Formell geleitet wird die Untersuchung im Arizona Veterans Memorial Coliseum, einer Mehrzweckhalle in Phoenix, von Ken Bennett, einem republikanischen Politiker, der früher Senatspräsident in Arizona war sowie das Amt des Secretary of State dort innehatte, das protokollarisch an dritter Stelle nach Gouverneur und Vizegouverneur steht. Um die Durchführung kümmert sich ein Privatunternehmen namens Cyber Ninjas.

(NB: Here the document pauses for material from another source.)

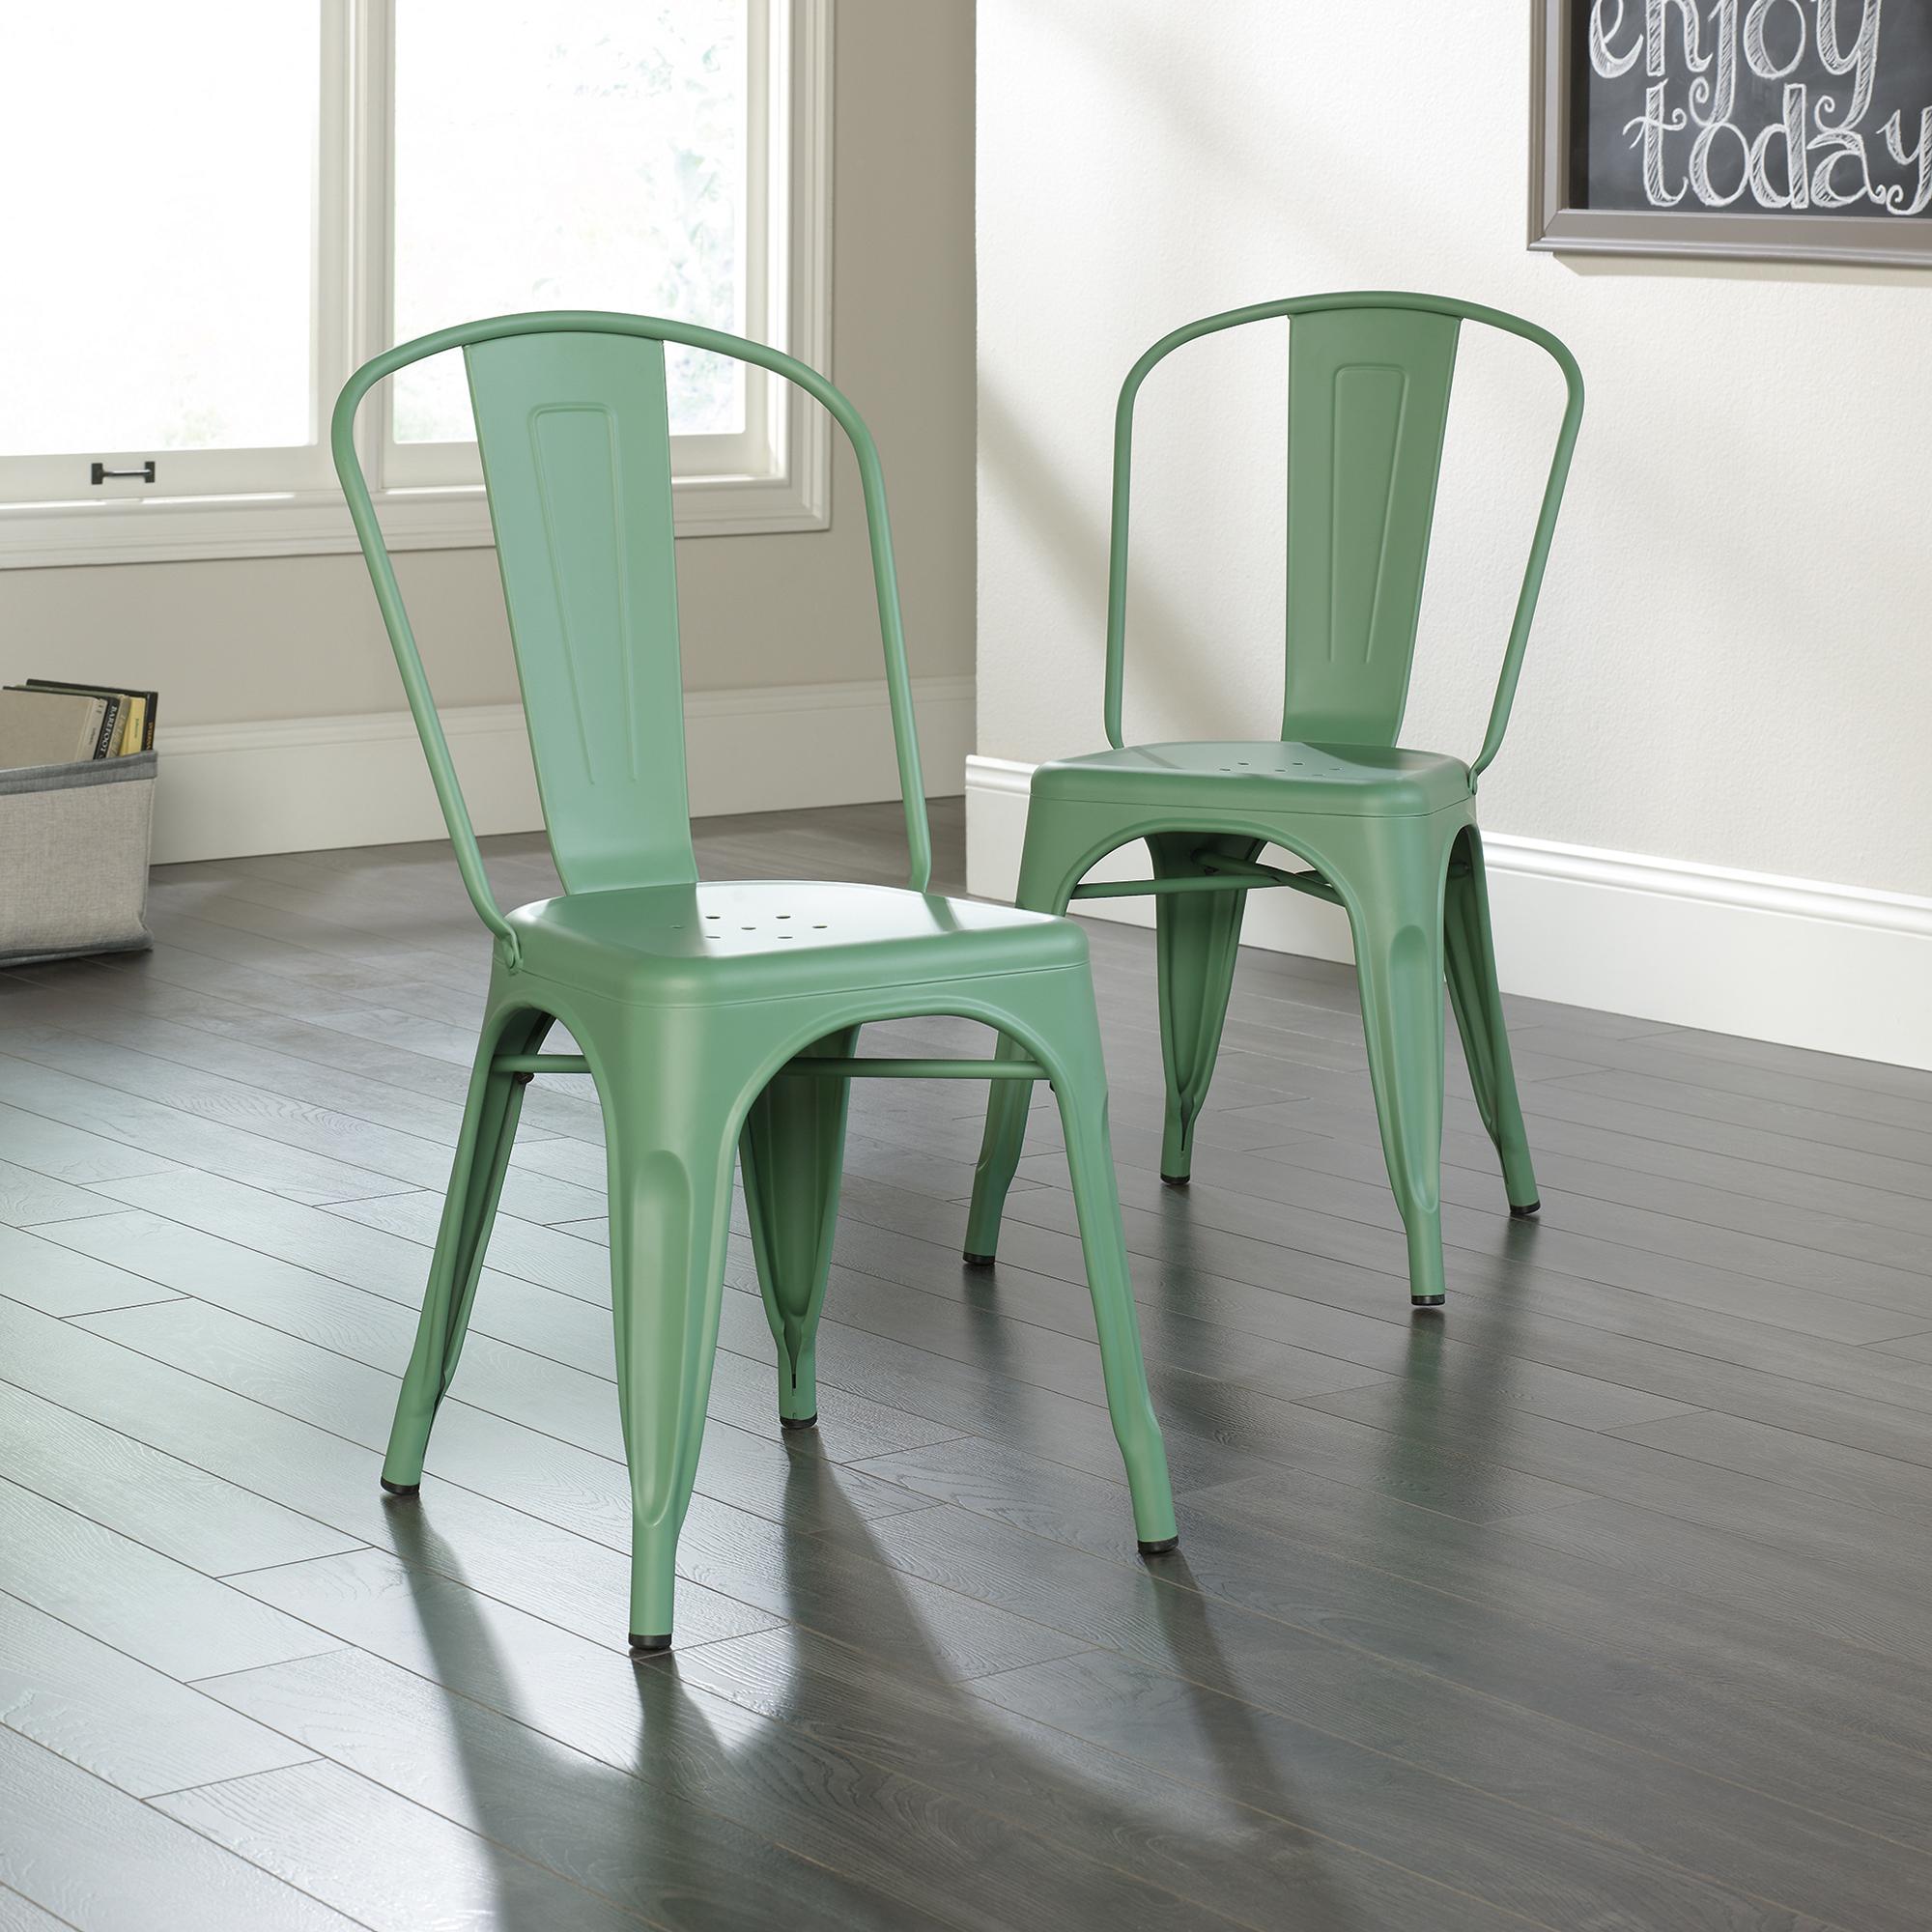 Sauder New Grange Metal Dining Chairs, Light Green Finish - Set of 2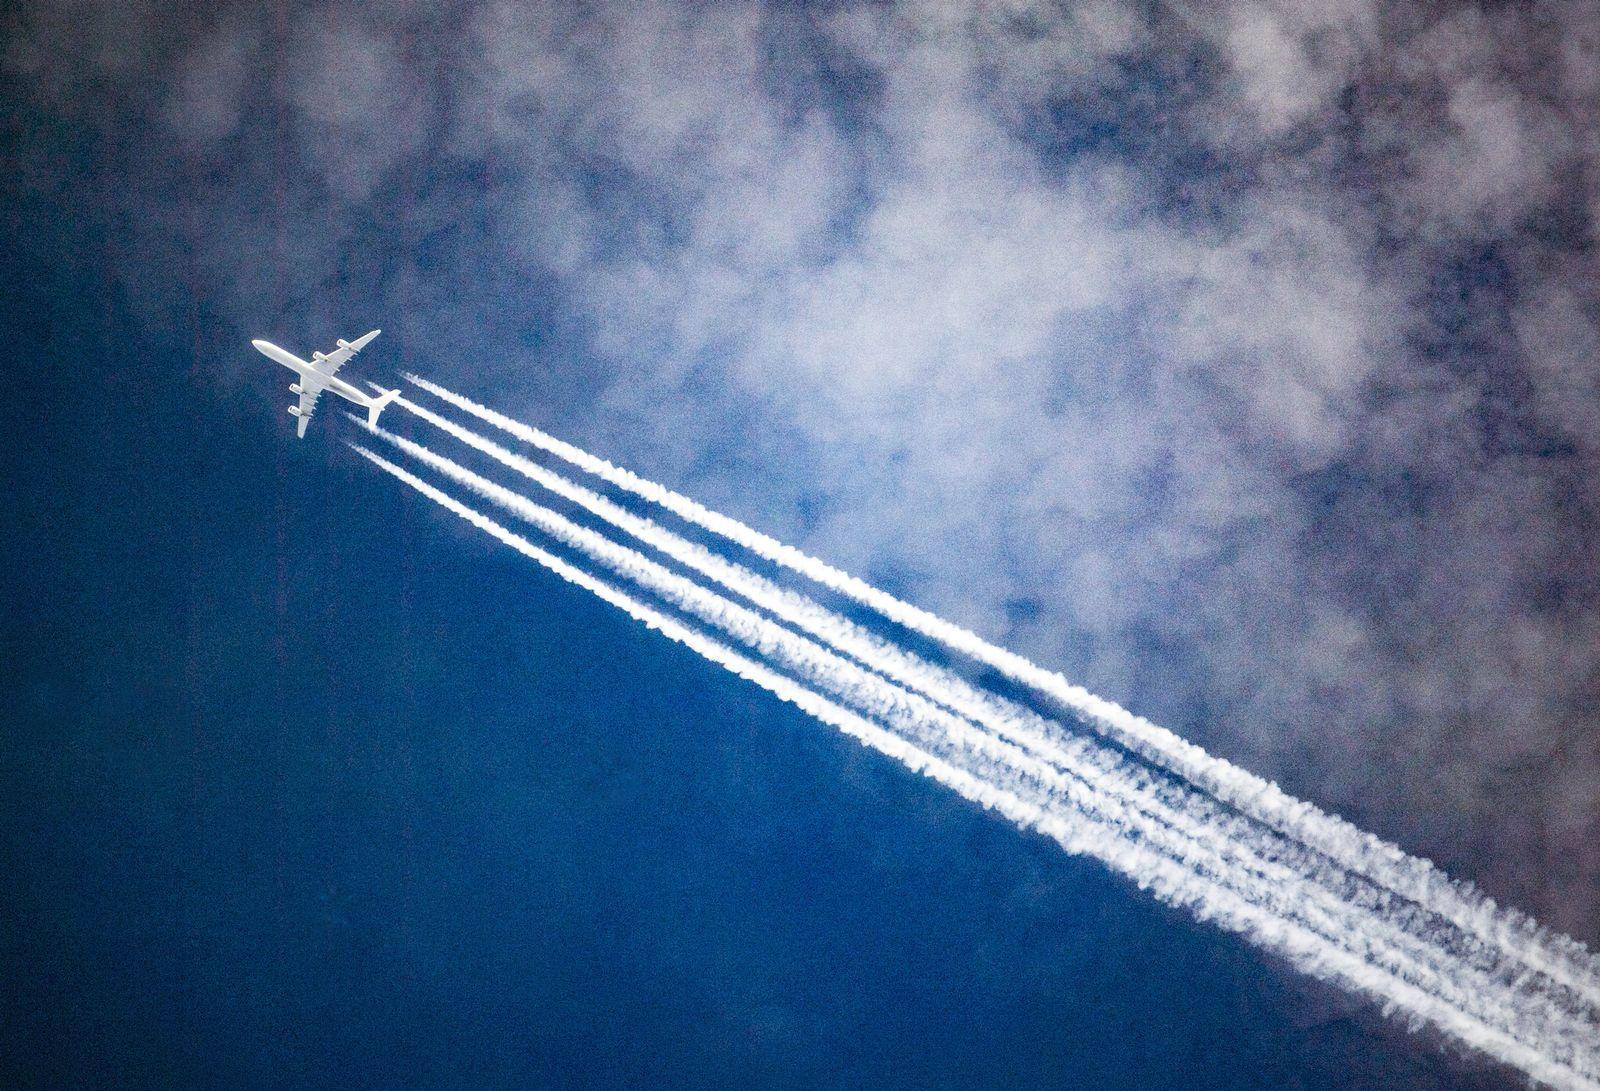 Flugreise trotz Klimastreik

»Sie versuchen, etwas zu finden, von dem wir wissen, dass es nicht existiert«, kritisiert wiederum die aktuelle Secretary of State in Arizona, die Demokratin Katie Hobbs. In ihren Zuständigkeitsbereich fallen auch die Wahlen. »Es ist lächerlich, dass die Leute denken, dass sie, wenn sie die Ergebnisse nicht mögen, einfach reinkommen und sie auseinanderreißen können.«

Aus Sicht von Kritikern fehlt dem Unternehmen Cyber Ninjas die Erfahrung, überhaupt eine so umfangreiche Wahlprüfung durchzuführen. Außerdem habe der Firmenchef Doug Logan unbegründete Verschwörungstheorien verbreitet, wonach die offiziellen Ergebnisse der Präsidentschaftswahlen 2020 unrechtmäßig seien. »Sie sind nicht qualifiziert, sie wissen nicht…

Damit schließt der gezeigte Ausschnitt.